If Zach is so great, why is this the best deal u could get?

Fact is, there's not exactly a huge market for out of shape, unathletic big guys who can't/don't pass or play any defense. Especially one with a massive contract and a history of off-court problems.

Now even i thought u would get more than this, but some of the expectations i've read on here recently have been ridiculous to say the least.


----------



## Ukrainefan (Aug 1, 2003)

I don't believe that Channing Frye is really good; a guy who in his second year couldn't start for one of the worse teams in the league? A guy who seems really soft, how is he gonna fit on a Nate team? A guy who seems to be going downhill, not improving? If we're gonna be buying out Francis, why not try to buy out Randolph? As much as I worried that Randolph's future behavior might lead to him becoming valueless, I would never have made this trade. I can't believe we couldn't have least got NY's 23rd pick. I am disappointed in KP's negotiating skills.


----------



## bmac (Feb 18, 2007)

Yeah Frye regressed quite a bit last season for whatever reason after a promising rookie year. I think he turns it around playing alongside Oden, Aldridge and Roy though.

Either way u guys have a hell of a bright future ahead.


----------



## ProZach (Oct 13, 2005)

bmac said:


> If Zach is so great, why is this the best deal u could get?


Arrgh! You may be right, but Steve Franchise? Nothing is better than him. I like everything else they've done today, I just hope they are able to buy him out and get a good SF free agent this year, not next year.

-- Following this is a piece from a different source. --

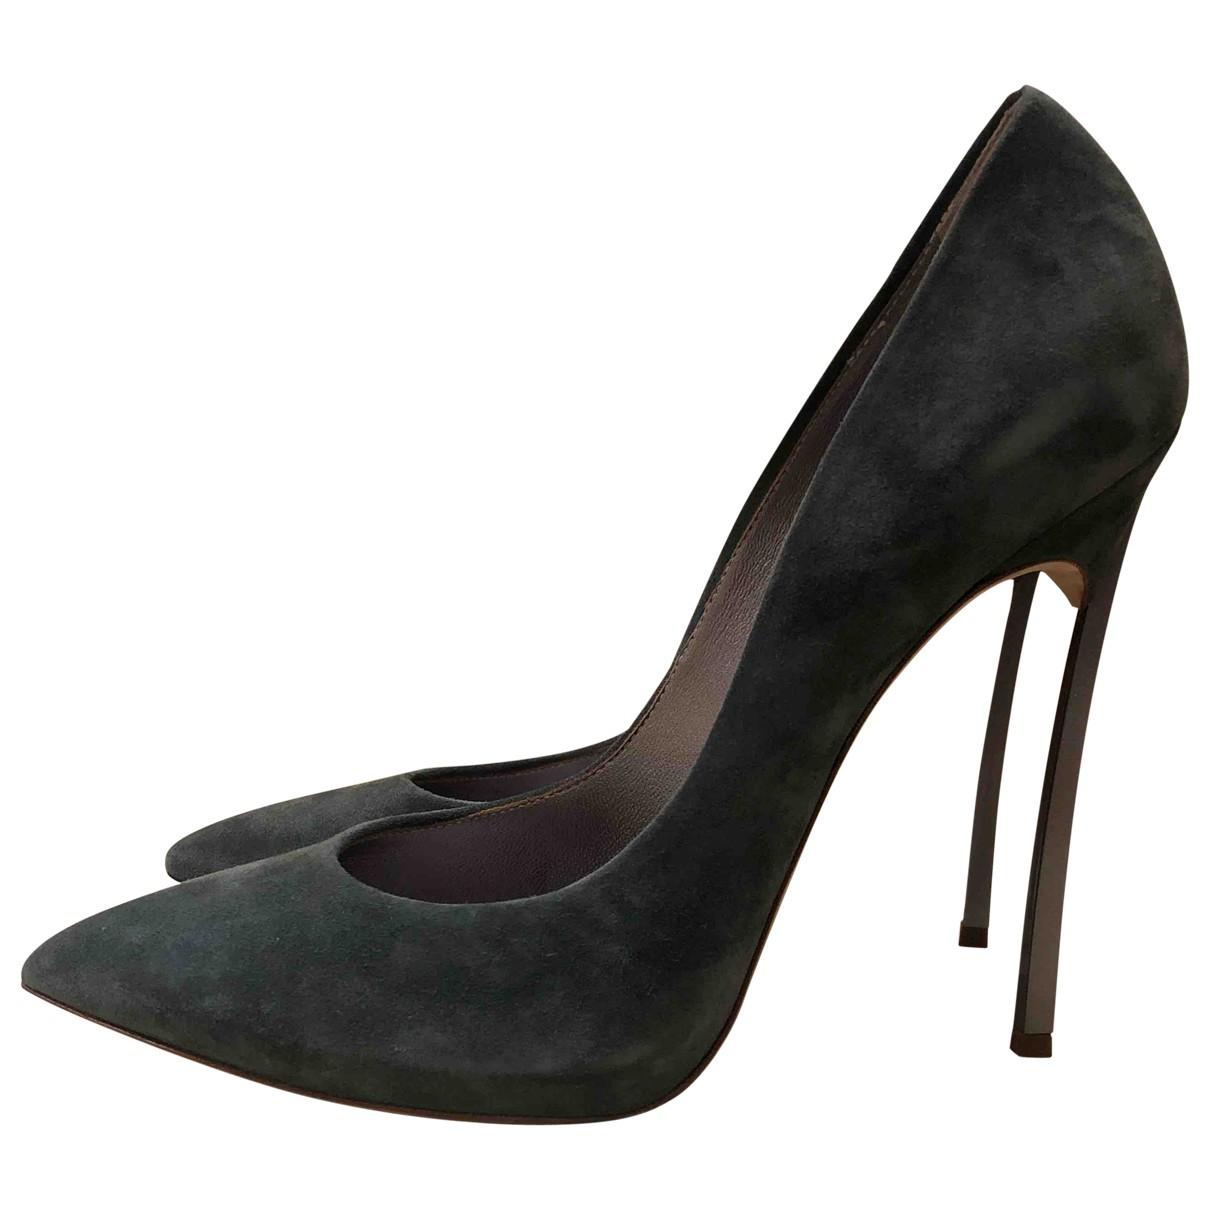 Casadei N Green Suede Heels for Women 9.5 US

I'm just mad I need a new screenname.


----------



## bmac (Feb 18, 2007)

Don't worry, i definitely see what you're saying. But i think this boosts Aldridge's development since he's now locked in as the starter at PF. So in the long run maybe the deal makes more sense.

Also, Zach obviously wouldn't like coming off the bench behind Aldridge, whereas Frye will no doubt have less of a problem with it.


----------



## crowTrobot (Jun 24, 2005)

Ukrainefan said:


> If we're gonna be buying out Francis, why not try to buy out Randolph?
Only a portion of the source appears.